Those practicing on the international taxation may be aware of the fact that, in view of CBDT Inst no 3/2003[E] and decision of ITAT-SB [C], ALL the transactions above Rs. 15 crores are being referred to TPO for scrutiny and benchmarking.

How to read this article-:

1. This article is structured under following headings

Background-: Nowadays, a reference to TPO is made by in a mechanical manner once the transaction is above Rs. 15 crores.

Why this article-: A change has taken place in the manner a case can be referred to TPO.

My Personal Conclusion-: The ITAT Mumbai [#] has given a land mark decision.

Points considered for forming conclusion-: As the name suggests, it is the analysis of the background material.

Basis of conclusion -:It is the background material on which a conclusion is formed.

2. The reason for this opening paragraph is to equip the reader to plan his order of reading.
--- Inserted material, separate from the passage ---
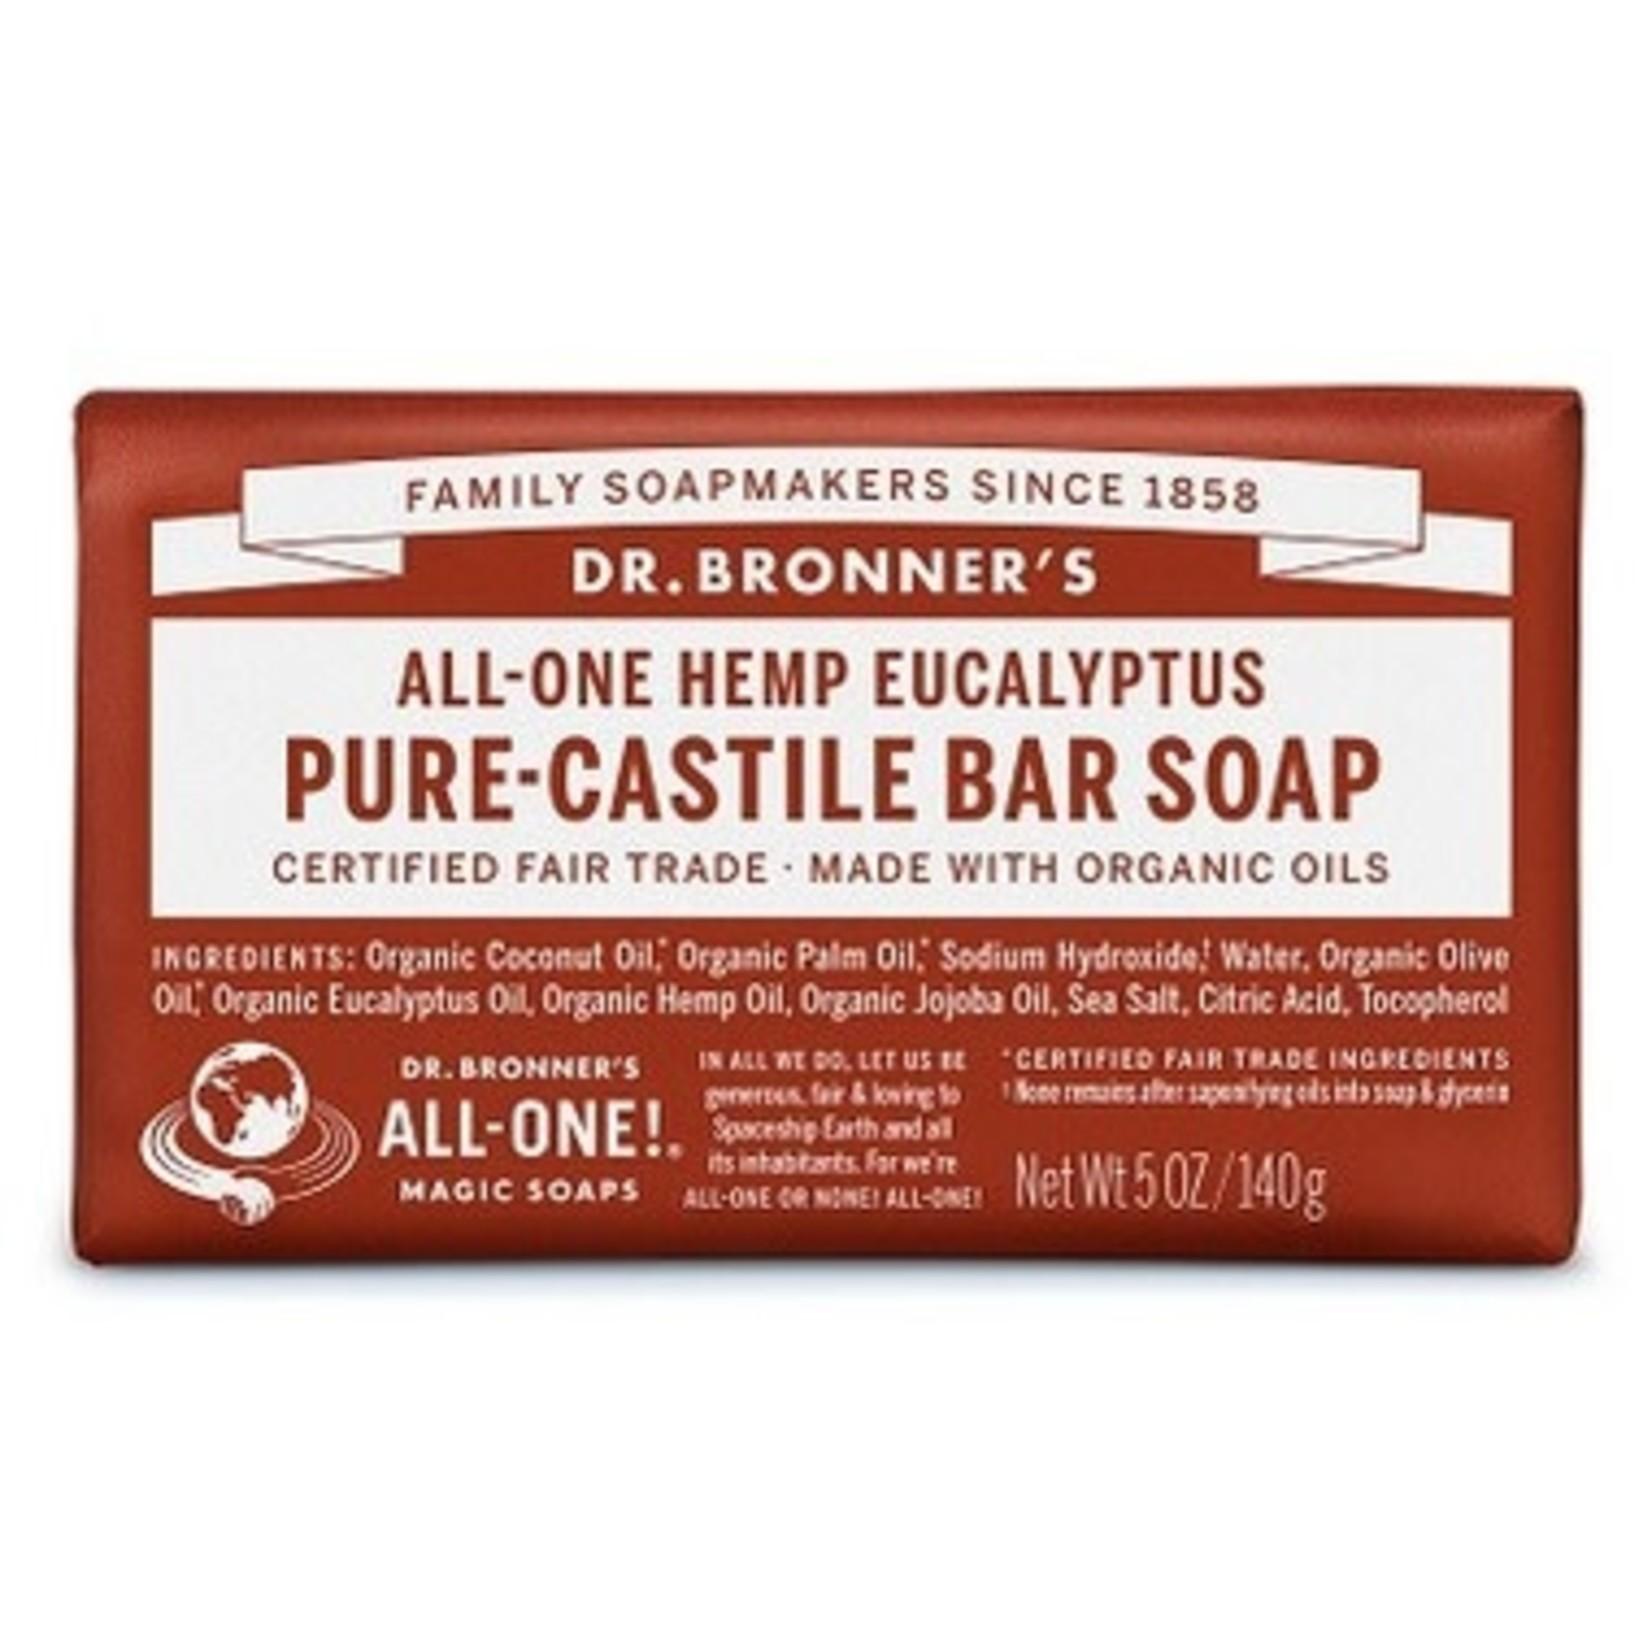 DR. BRONNER'S PURE CASTILE SOAP - EUCALYPTUS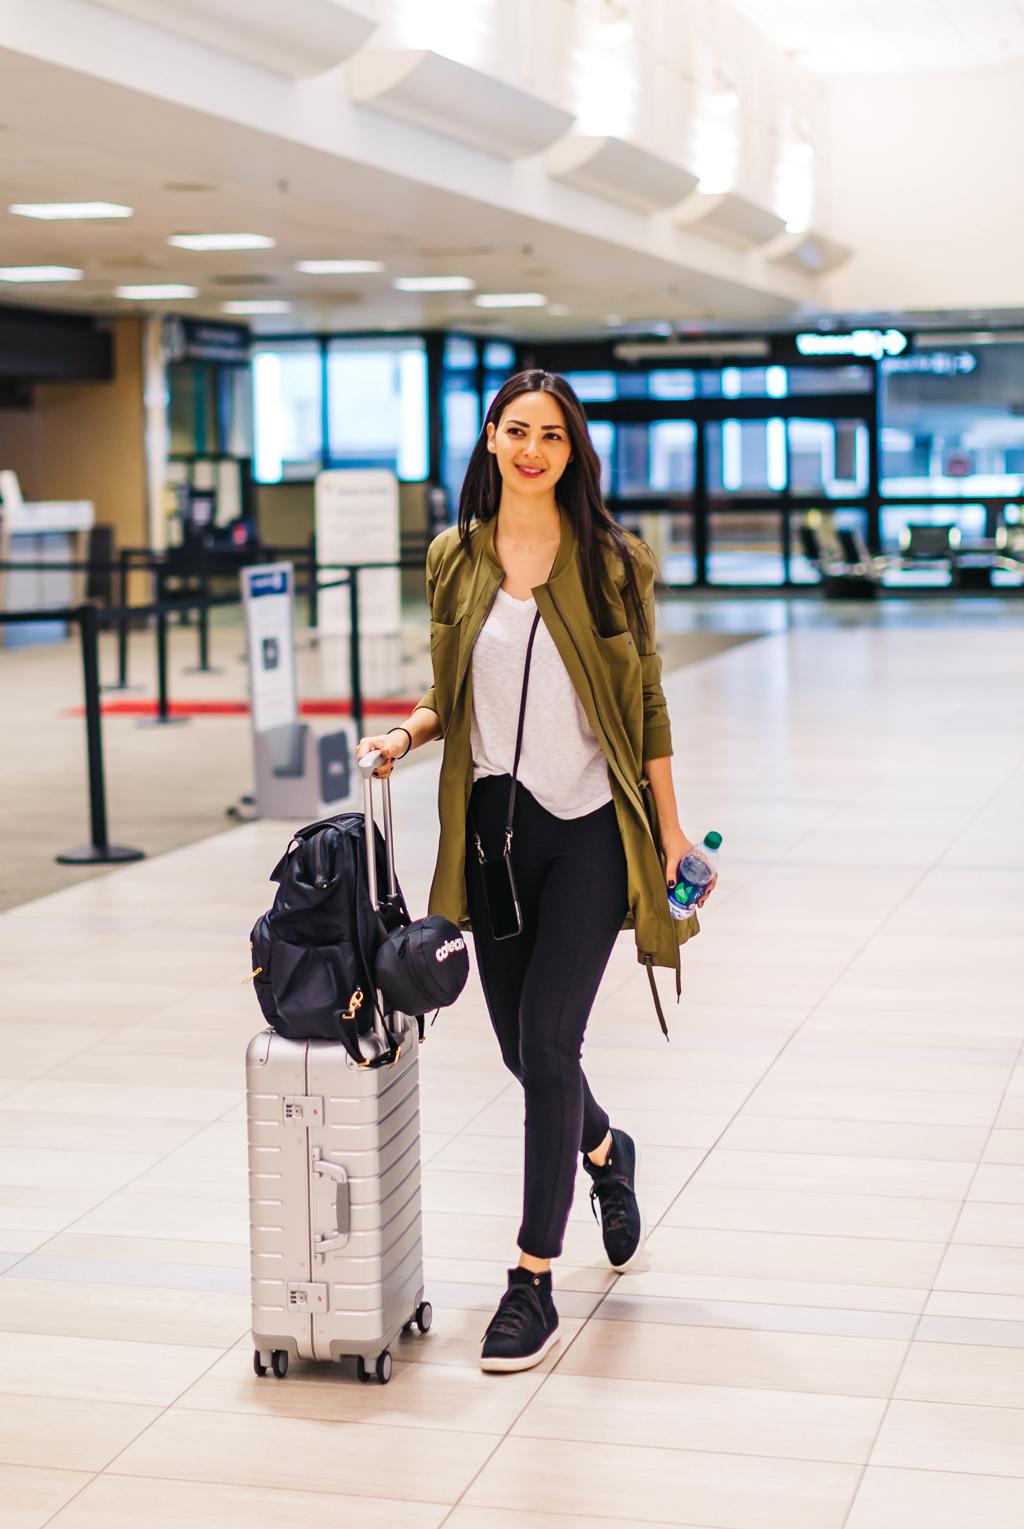 Away Bigger Carryon Suitcase    //    Anatomie Jacket & Fleece Leggings

Invariably, it happens that, each of the reader is at different level of maturity and ha.s different priorities at different times.

3. This article is updated upto 21 November 2015.

Background-:

4. Those practicing on the international taxation may be aware of the fact that, in view of CBDT Inst no 3/2003[E] and decision of ITAT-SB [C], ALL the transactions above Rs. 15 crores are being referred to TPO for scrutiny and benchmarking.

5. Eventhough, in 2001, when the Transfer Pricing regime was brought on statute book, it was explained that these provisions are for curtailing the tax avoidance.

6. There is a wide spread perception that, the said regime has been used, left right and center for tax recovery by the IT Dept.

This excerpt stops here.